Finally, we expect that the “golden aspect ratio” is applicable to MD because, at large distance and weak enough variation in fields, MD can be coarse-grain into a continuum description. We test this applicability by simulating the ionic current through graphene nanopore of radius a = 1.81 nm immersed in 1 mol/L of KCl. We perform the all-atom MD simulation using NAMD2 [56], the CHARMM27 [57] force field, and a rigid TIP3P [58] water model. The details of MD simulation are the same as in our previous work [34].
III. RESULTS
We first test the scaling form, Eq. 12, for a homogeneous medium by solving Laplace’s equation for the electric potential. All simulations take a silica membrane with dielectric constant 2.1. With the rectangular cell, we compute the resistance using both finite and periodic cells (as is common in all-atom molecular dynamics). Both boundary conditions give the same results and thus we show results only for the finite cells for the continuum case (for the all-atom simulations, we have a periodic rectangular cell). Fig. 3 shows that, for both cylindrical and rectangular cells, the resistance increases with L for small aspect ratios and decreases for large aspect ratios as predicted from Eq. 12. Physically, we can understand this as follows: When the aspect ratio (H/L) is small, the access-like region covers most of the height of the cell. Thus, when increasing L, the access contribution increases, as the finite size correction – a negative correction – in Eq. 5 is being eliminated. On the other hand, when the aspect ratio (H/L) is large, the access-like region is localized near the pore and the bulk-like region covers the remainder of the height of the cell. This bulk-like region gives a large positive contribution to the resistance, but is decreasing with L (due to the fact that it decreases with the area). This transition from increasing to decreasing resistance with L suggests that there should be a constant R at some special value of the aspect ratio. At this special value, the two competing effects cancel. Fig. 3 shows that there is an aspect ratio that shows little variation as L increases. Thus, indeed, the golden aspect ratio exists and is approximately α★ = 1.07 for a cylindrical cell and α★ = 1.2 for a rectangular cell, in line with the estimate in Eq. 16.
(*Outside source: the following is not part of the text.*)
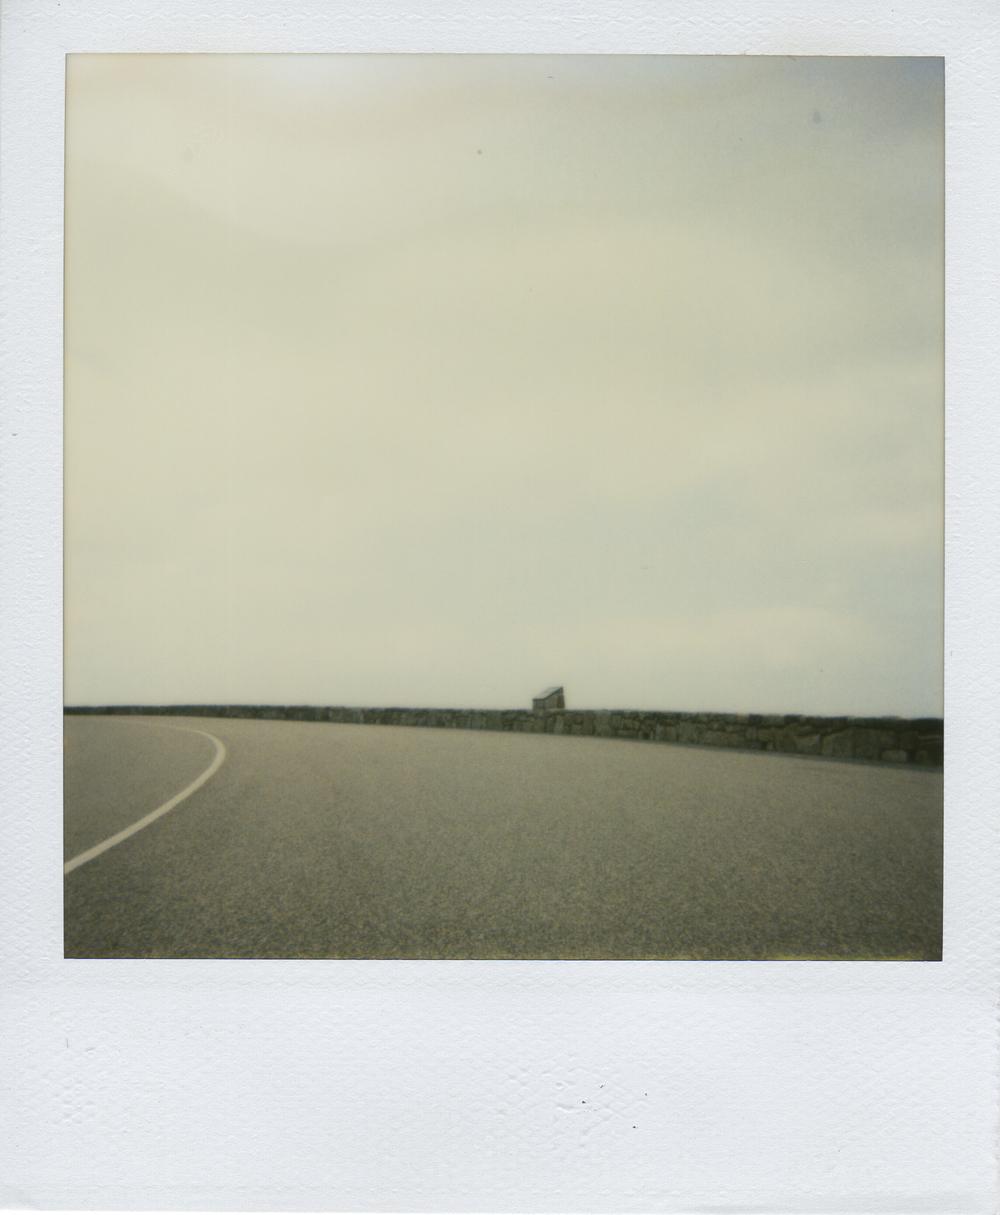 jlaurence-polaroid-034.jpg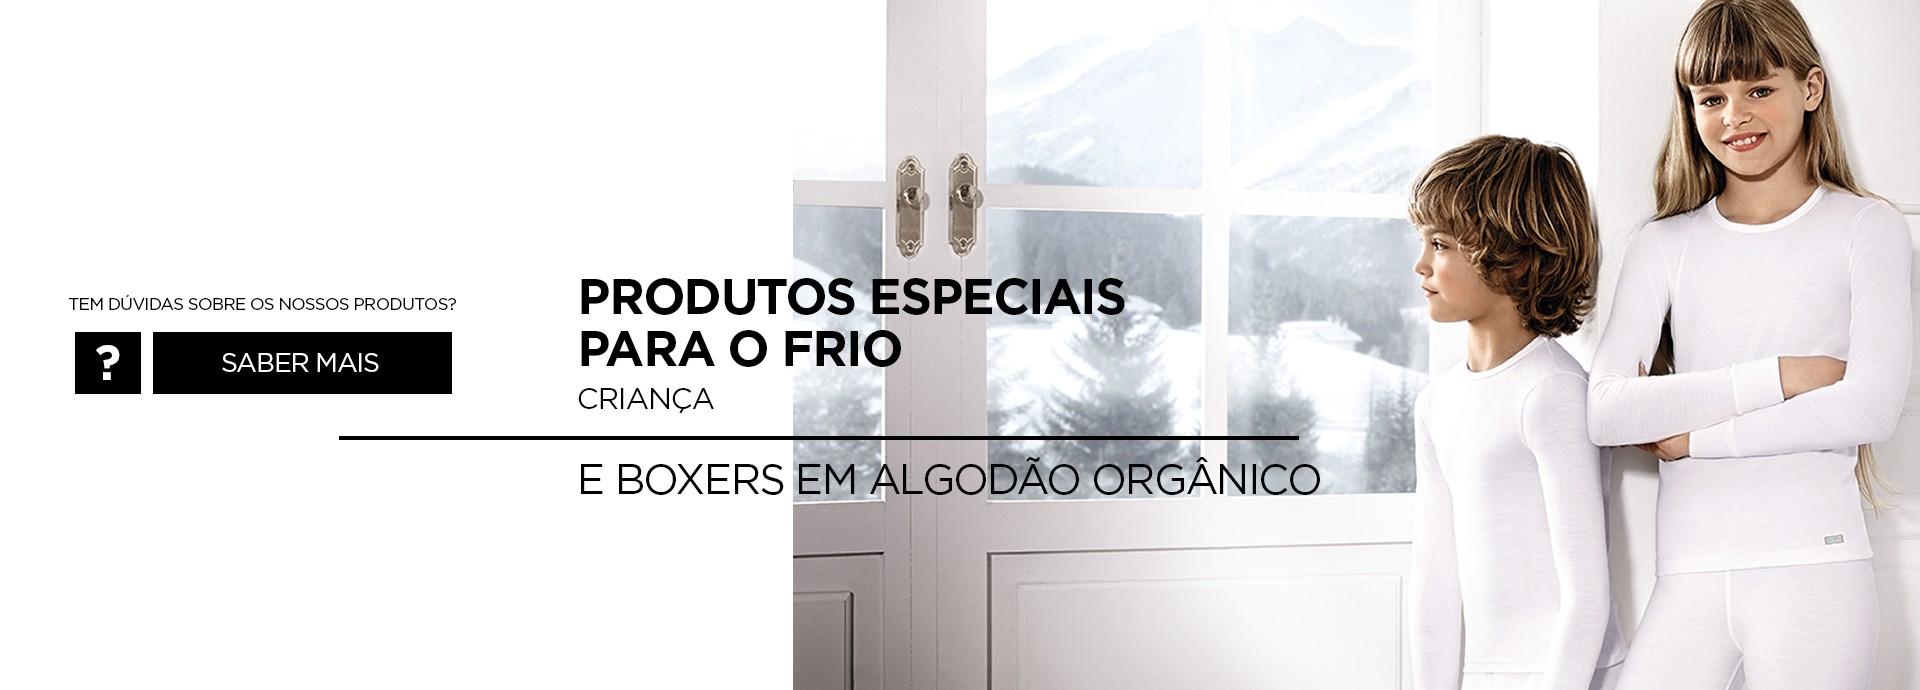 ROUPA DE INVERNO termicos e boxer organico

In Fig. 4(a), we examine three pore sizes and use a cylindrical cell with aspect ratio α = 1.07 where we get a visually flat profile of R versus L. An inappropriately chosen aspect ratio, however, will have R dependent on L and disagree with the classical form of the access resistance. Fig. 4(b) shows that, around α = 1.07 and at finite L (32 nm), the form R = γ(1/2a + hp/πa2) + ΔR, fits the data with ΔR ≈ 0, thus coinciding with the classical form. For α = 2, a reasonable value from a computational standpoint, the fit gives ΔR ≈ 3 MΩ, which is an error of ≈ 30 % in R∞ at a = 4 nm.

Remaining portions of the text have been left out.